Tanezrouft | |
Native Name: | تنزروفت |
Native Name Lang: | ar |
Settlement Type: | Natural region |
Subdivision Type: | Country |
Subdivision Name: | Algeria and Mali |
Elevation M: | 310 |
Population Density Km2: | auto |
The Tanezrouft (Arabic: تنزروفت) is a natural region located along the borders of Algeria and Mali, west of the Hoggar Mountains. Along with the Libyan Desert it is one of the most desolate and most arid parts of the Sahara Desert. This area has no permanent residents and is known for its soaring temperatures and scarce access to crucial resources: water and food. Due to this, it is commonly referred to as the "land of terror".
The Tanezrouft is a vast barren plain extending to the west of the Adrar Ahnet,[1] southeast of the Erg Chech sand sea, and north of the Adrar des Ifoghas hills in northern Mali.
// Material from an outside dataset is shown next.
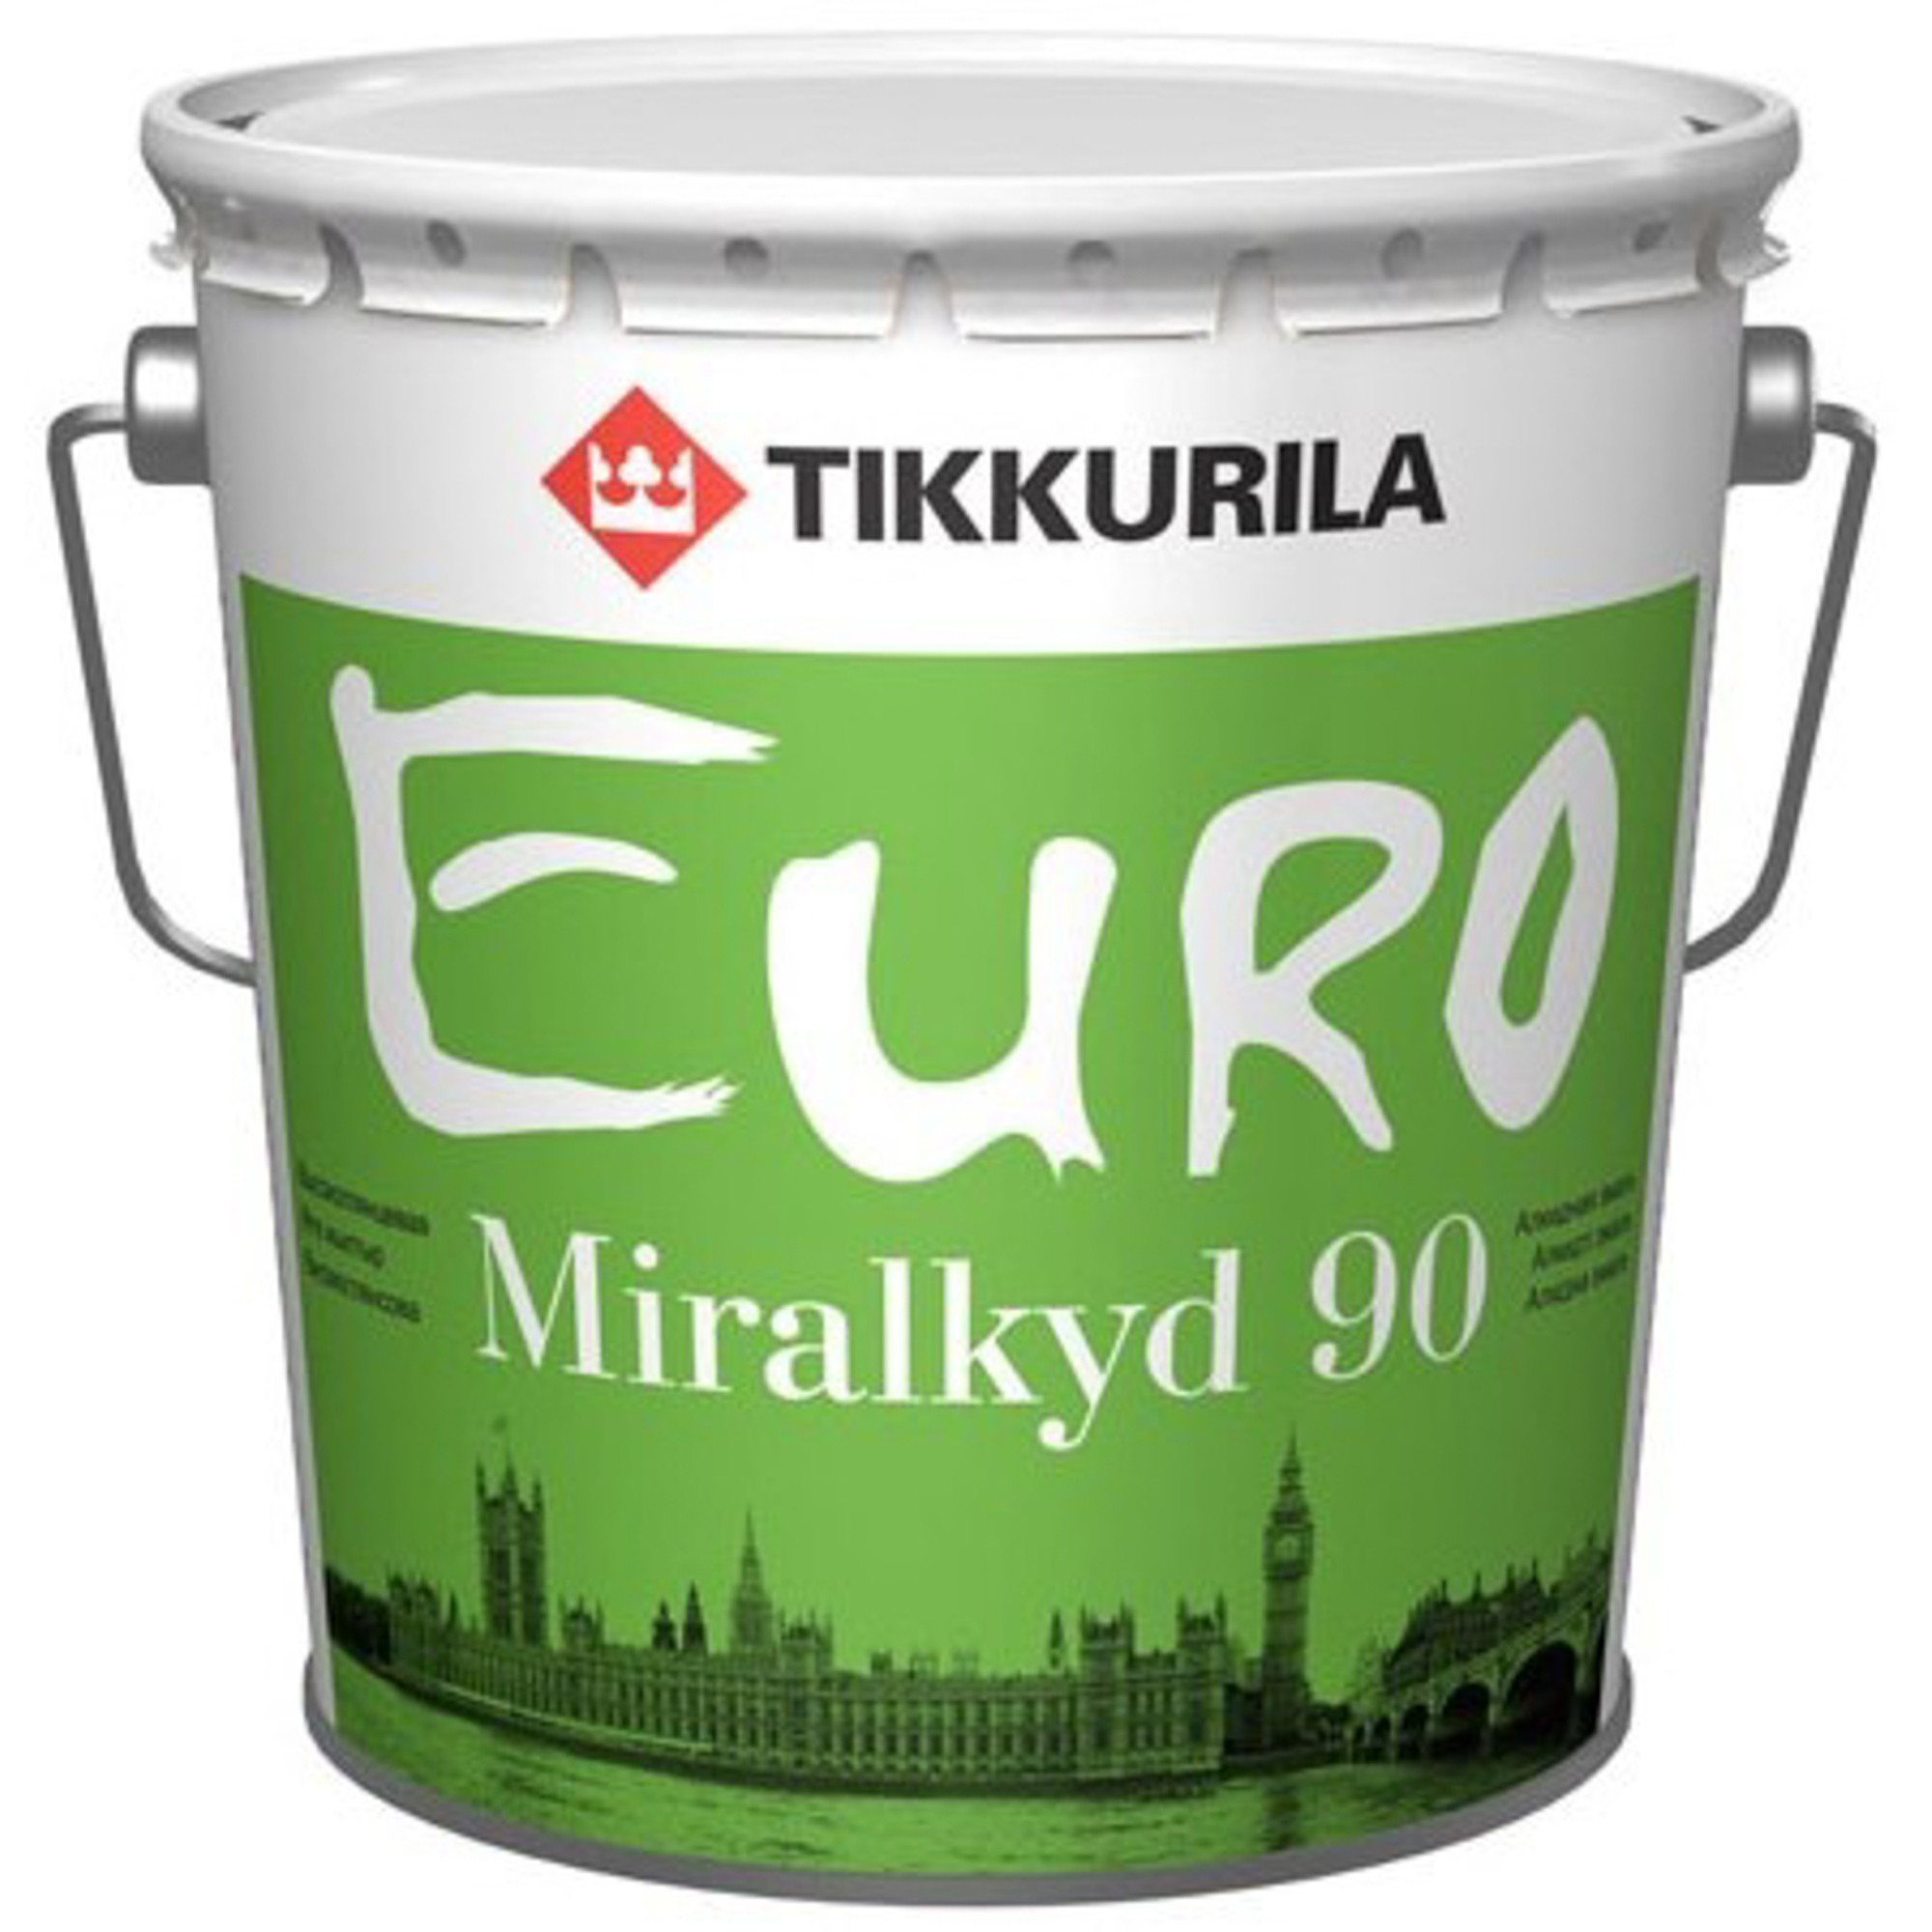 Где купить Эмаль алкидная высокоглянцевая Tikkurila Euro Miralkyd 90 база с 2.7л Tikkurila

Almost entirely located in Algeria, the Tanezrouft is notoriously flat, featureless and without wells. In 1922 the firm gravel plain enabled the first crossing of the Sahara by motor vehicle.[2] The terrain shows stark evidence of long-ago water erosion when the Sahara Desert's climate was much wetter, but the present annual rainfall is much less than 20 mm. Today the terrain is being shaped by wind erosion, which occurs much faster than in other areas, since there is little or no vegetation to hold the surface in place.[3] The area is known for aridity and extreme heat, and temperatures in summer can easily reach 52 °C (125.6 °F).
Because it is so arid, bleak and flat, the Tanezrouft was never the site of human occupation. In the Tuareg languages its name means "Land of Thirst". Since perhaps 500 BC[4] a desolate trade route has connected the Niger River with the Tidikelt, Touat and the Hoggar in Algeria. It is now spanned north-south by a trans-Saharan route from Béchar in Algeria via Reggane to Tessalit and Gao in Mali. During the colonial era Poste Maurice Cortier (also known as Bidon V, or 'oil drum 5') was a desolate refueling station along this route, 250 kilometres (or five oil drum markers) north of Tessalit. Because of its desolation, in the early 1960s the French tested atomic bombs, south of Reggane.
In the Niger portion of Tanezrouft, populations of the endangered painted hunting dog were previously viable west of the Hoggar Mountains,[5] but now the painted hunting dog is thought to be extinct in all of Niger.
In 2018, the asteroid 26871 Tanezrouft was named after the Tanezrouft Basin.